海外との取引や海外進出が当たり前になった現代において、「租税条約」という言葉を耳にする機会が増えたのではないでしょうか。しかし、言葉は知っていても、その中身は複雑で分かりにくいと感じる方が多いのも事実です。この記事では、米国を中心に国際税務の実務に携わってきた会計士の視点から、租税条約に関する初歩的かつ重要な疑問について、一問一答形式で分かりやすく解説していきます。一つひとつの疑問を解消していくことで、国際ビジネスを守るための重要なルールや租税条約の全体像が自ずと見えてくるはずです。

Q1. そもそも「租税条約」とは何ですか?

A1. 国と国との間で結ばれる「税金に関する特別な約束事」です。

租税条約とは、二国間で締結される税金に関する条約です。その主たる目的は、国際的な二重課税を排除すること、そして脱税や租税回避行為を防止することにあります。通常、国内の税金はその国の法律(日本では法人税法や所得税法など)に基づいて課されます。しかし取引が国境を越えると、一つの所得に対して複数の国が課税権を主張し、二重に税金がかかってしまう「国際的な二重課税」という問題が発生します。

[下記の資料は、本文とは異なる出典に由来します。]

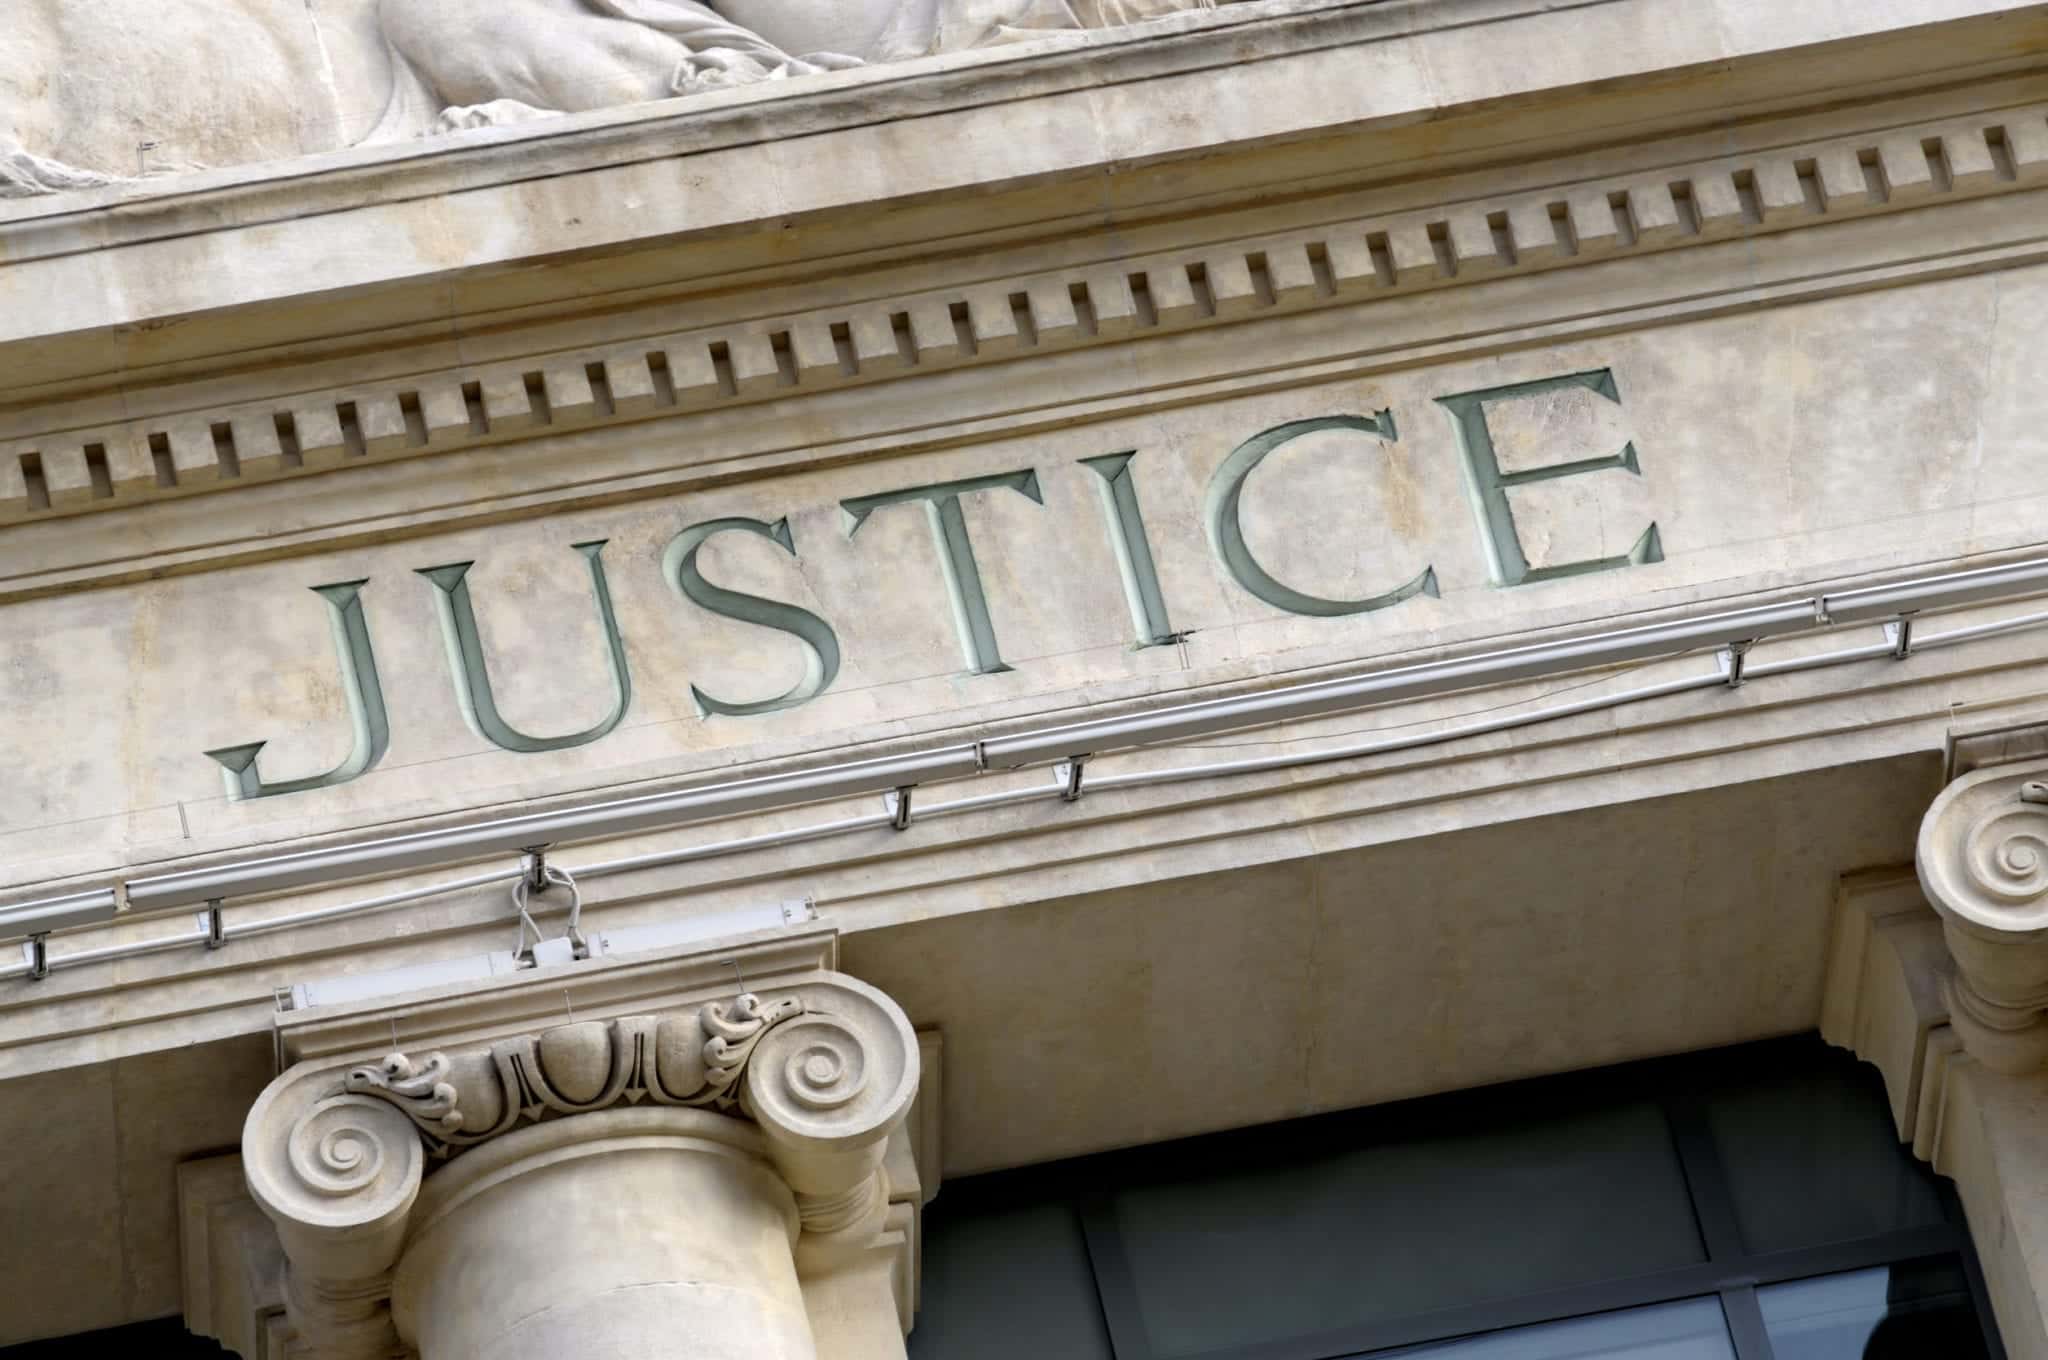 Criminal “Justice” System Urgently Needs Reform

このような問題を解決し、個人や企業の国際的な活動を円滑にするために、国内の税法に優先して適用される特別なルールを定めたものが租税条約です。2025年7月現在、日本は多くの国・地域と租税条約を締結しており、そのネットワークは世界の主要国を網羅しています。

Q2. なぜ「二重課税」が起きてしまうのですか?

A2. 各国が持つ二つの課税ルール、「居住地国課税」と「源泉地国課税」が衝突するためです。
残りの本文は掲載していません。